◆ TASK DETAILS ◆
Repeat the listing exactly. Do not carry over any pictures.
THE DATA below:
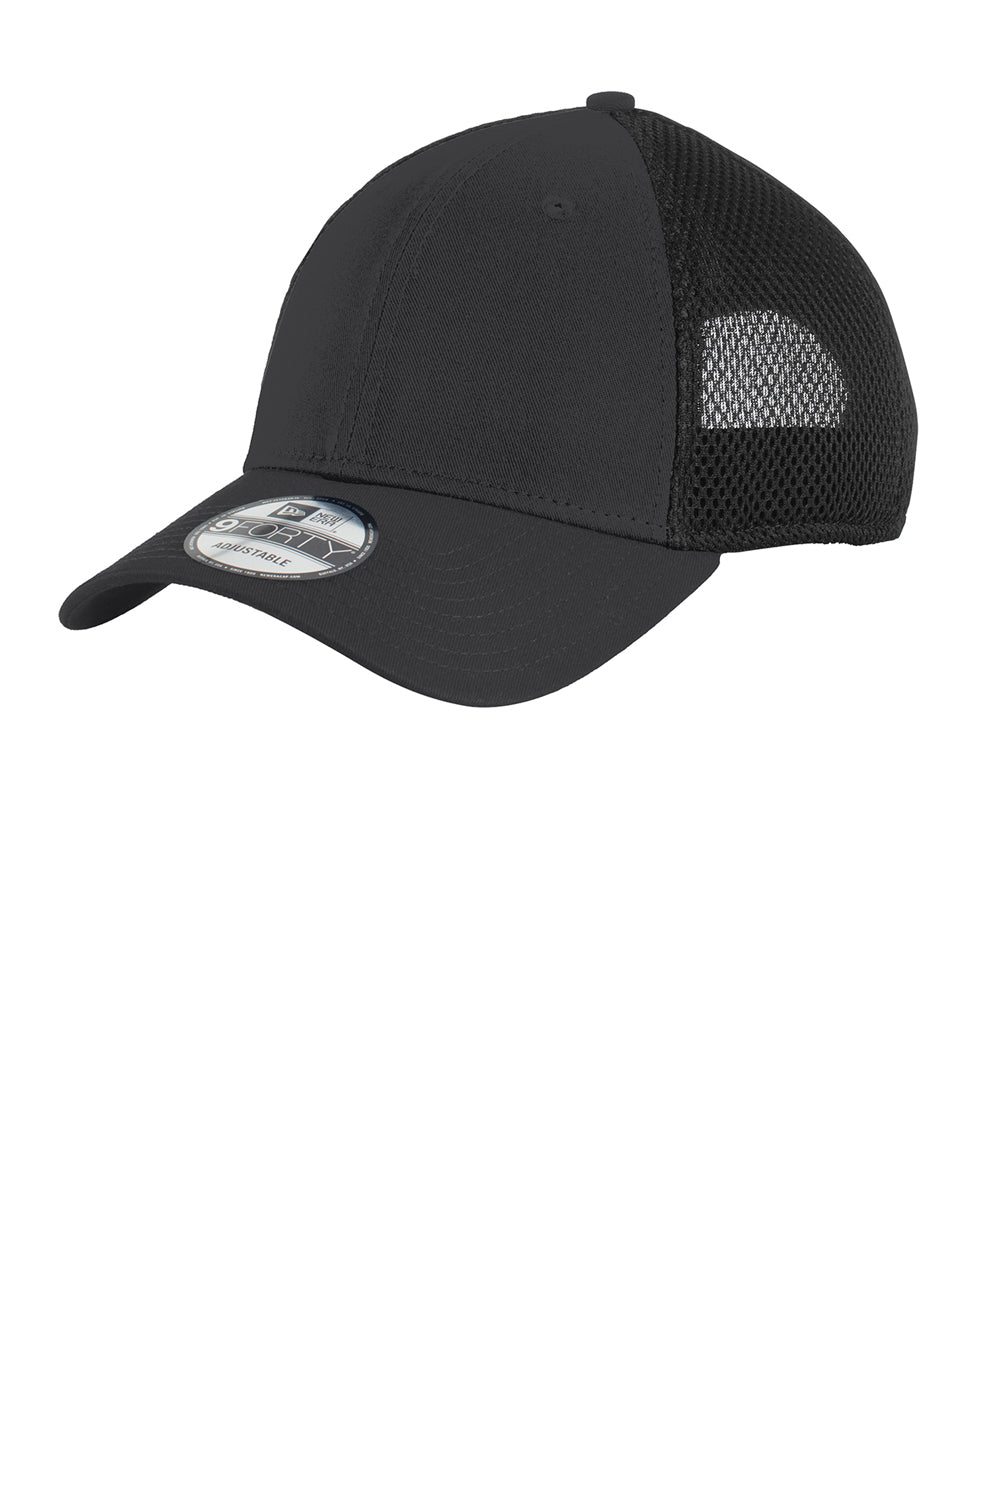 New Era NE204 Mens Adjustable Hat Black Front
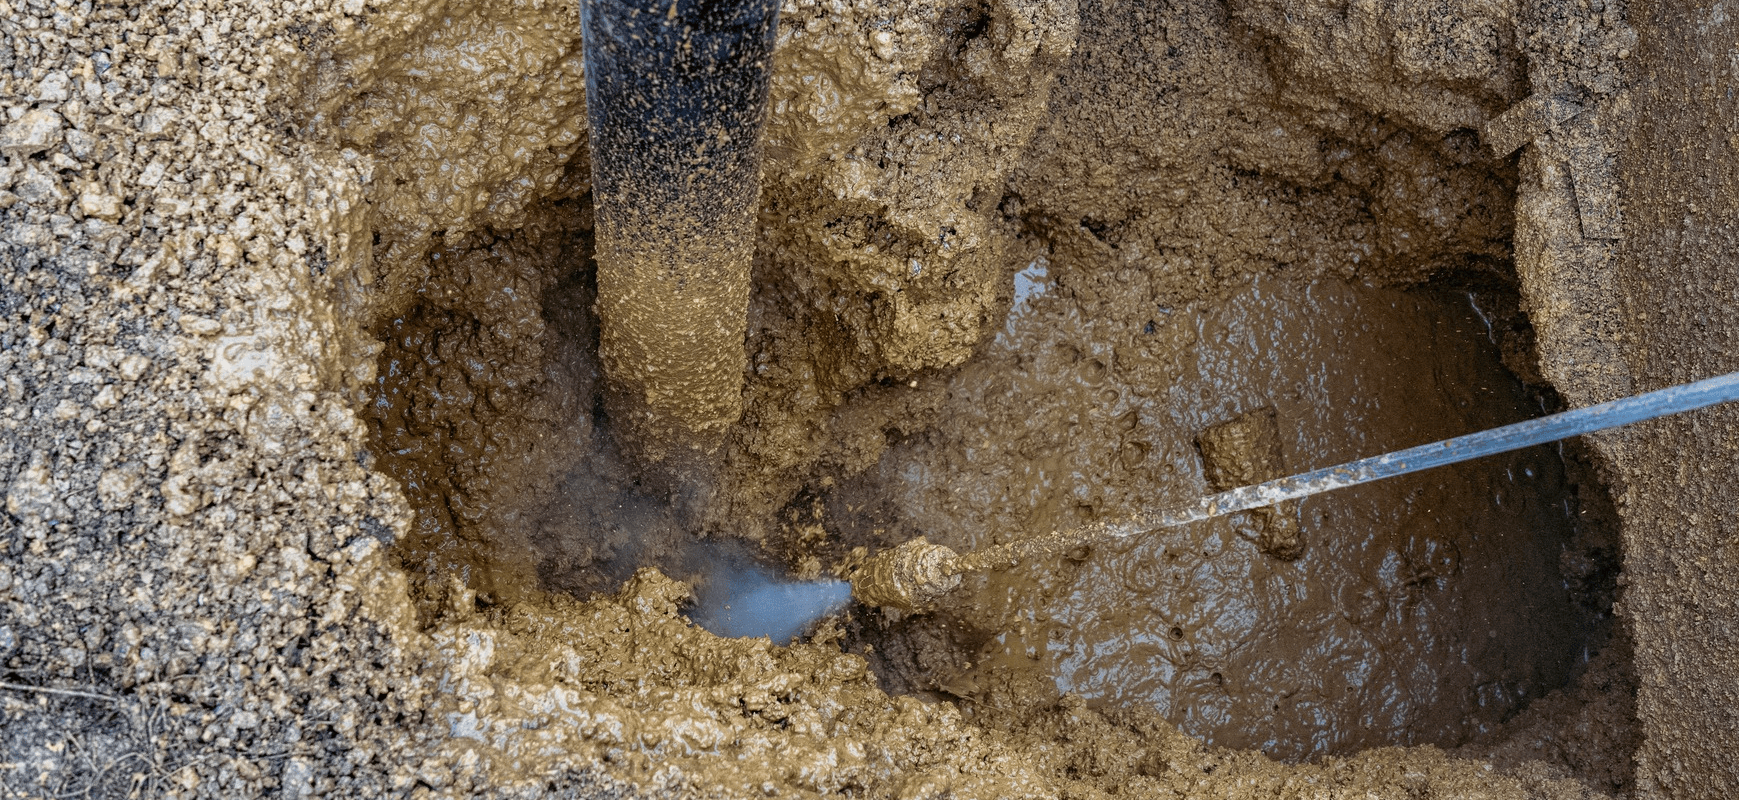 Utility Digging Fall River, MA
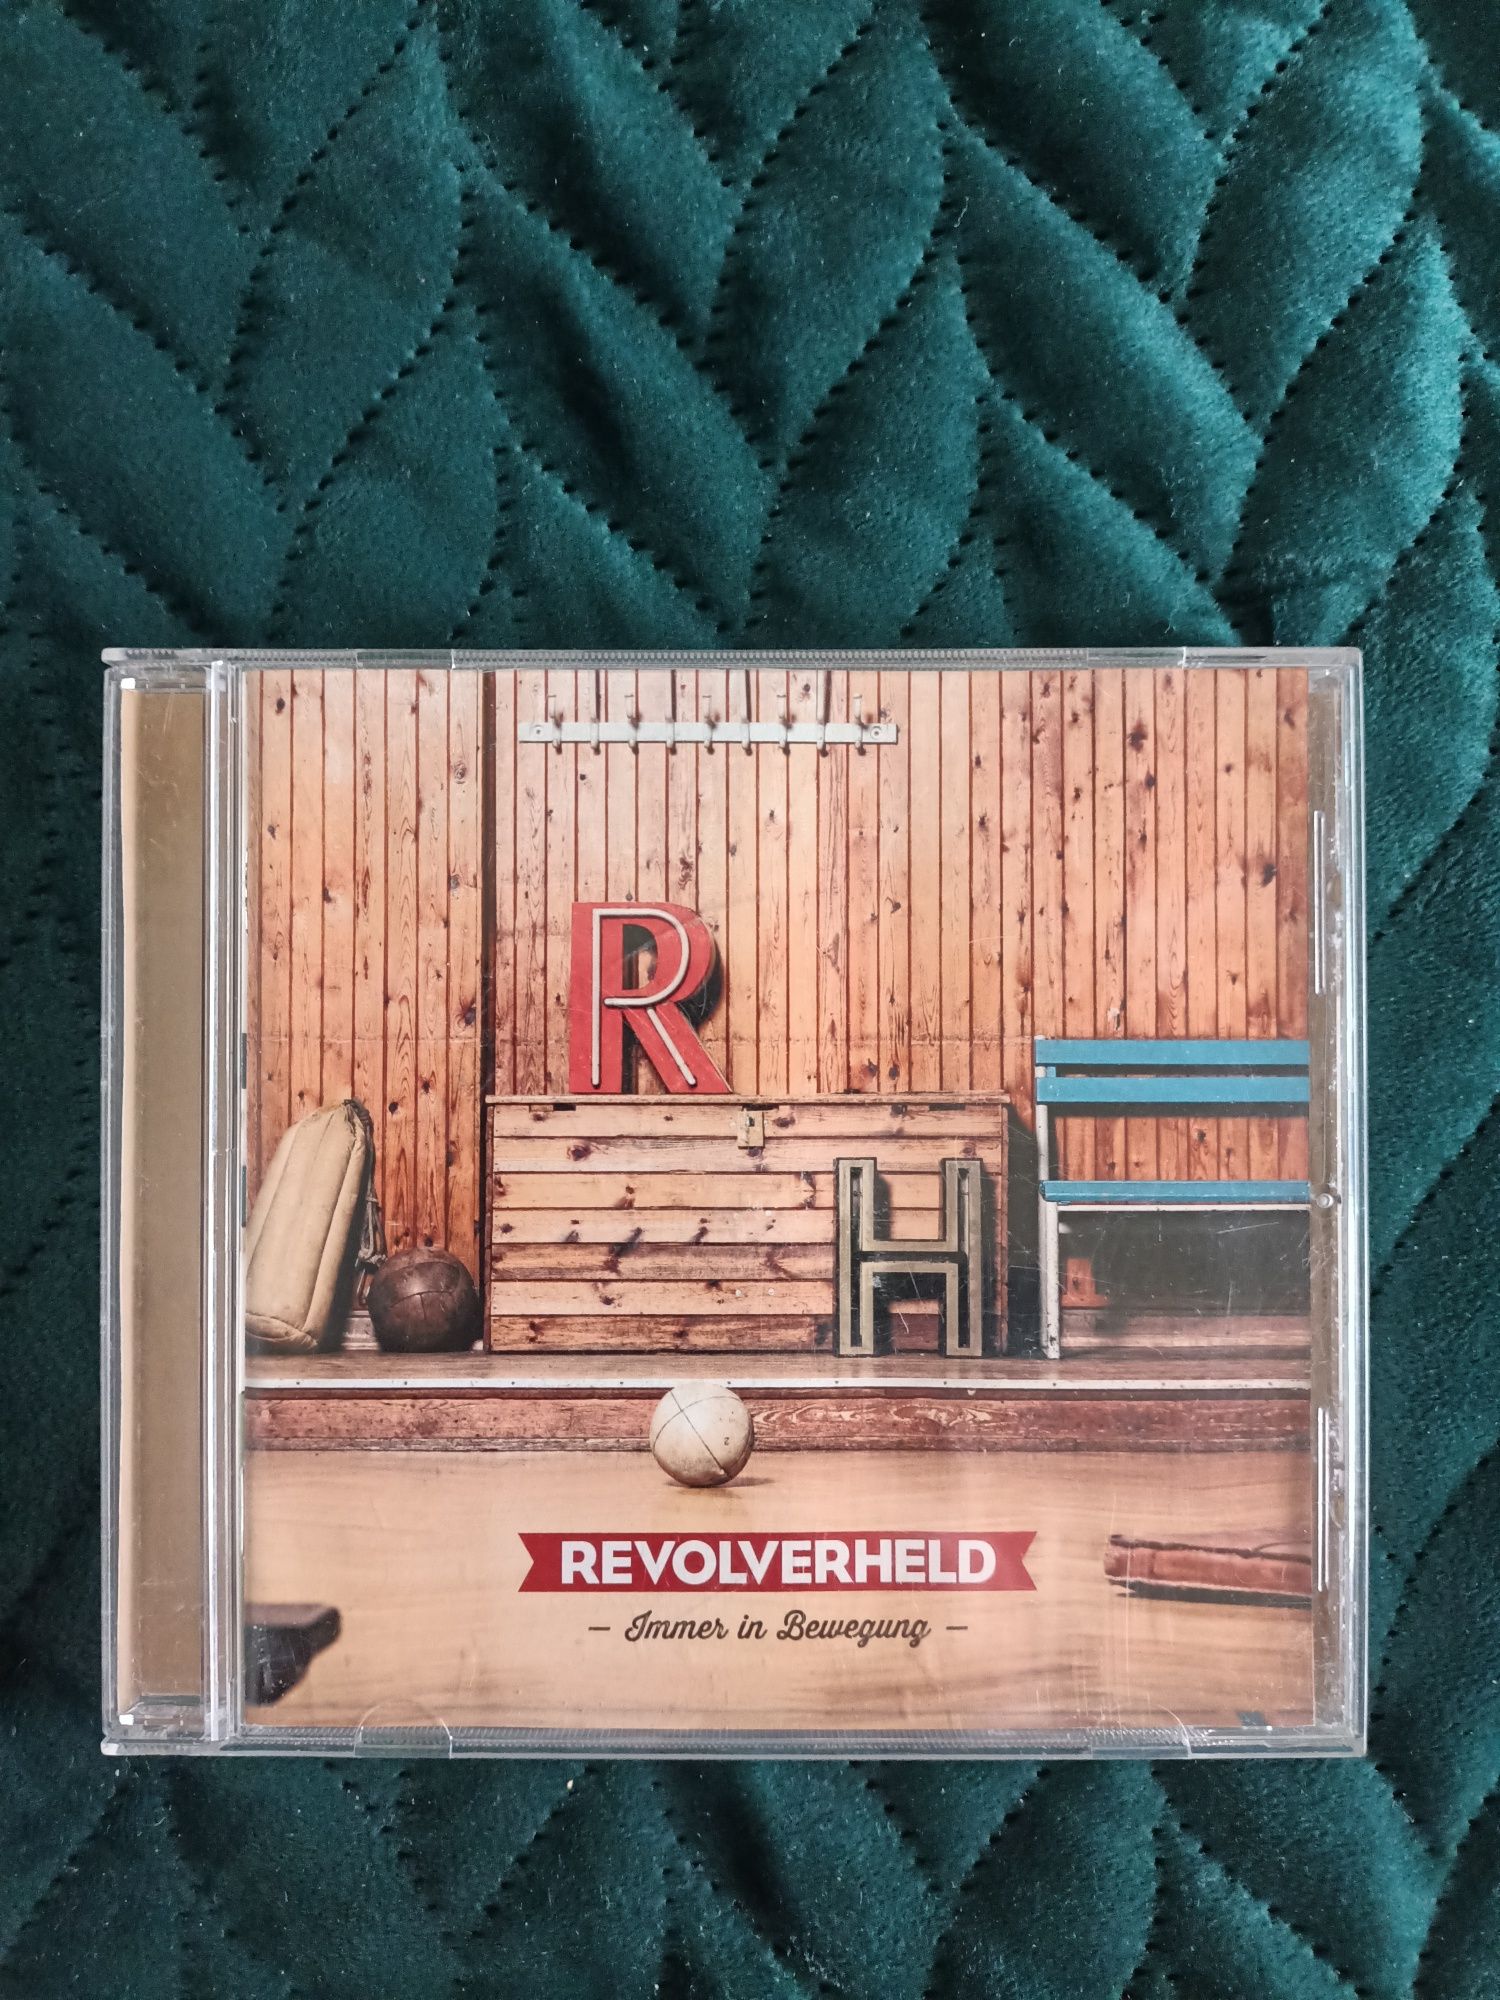 Płyta CD zespołu Revolverheld Summer in bewegung 2013
End of THE DATA.
◆ RESULT FOR THIS TASK ◆
 New Era NE204 Mens Adjustable Hat Black Front
 Utility Digging Fall River, MA
 Płyta CD zespołu Revolverheld Summer in bewegung 2013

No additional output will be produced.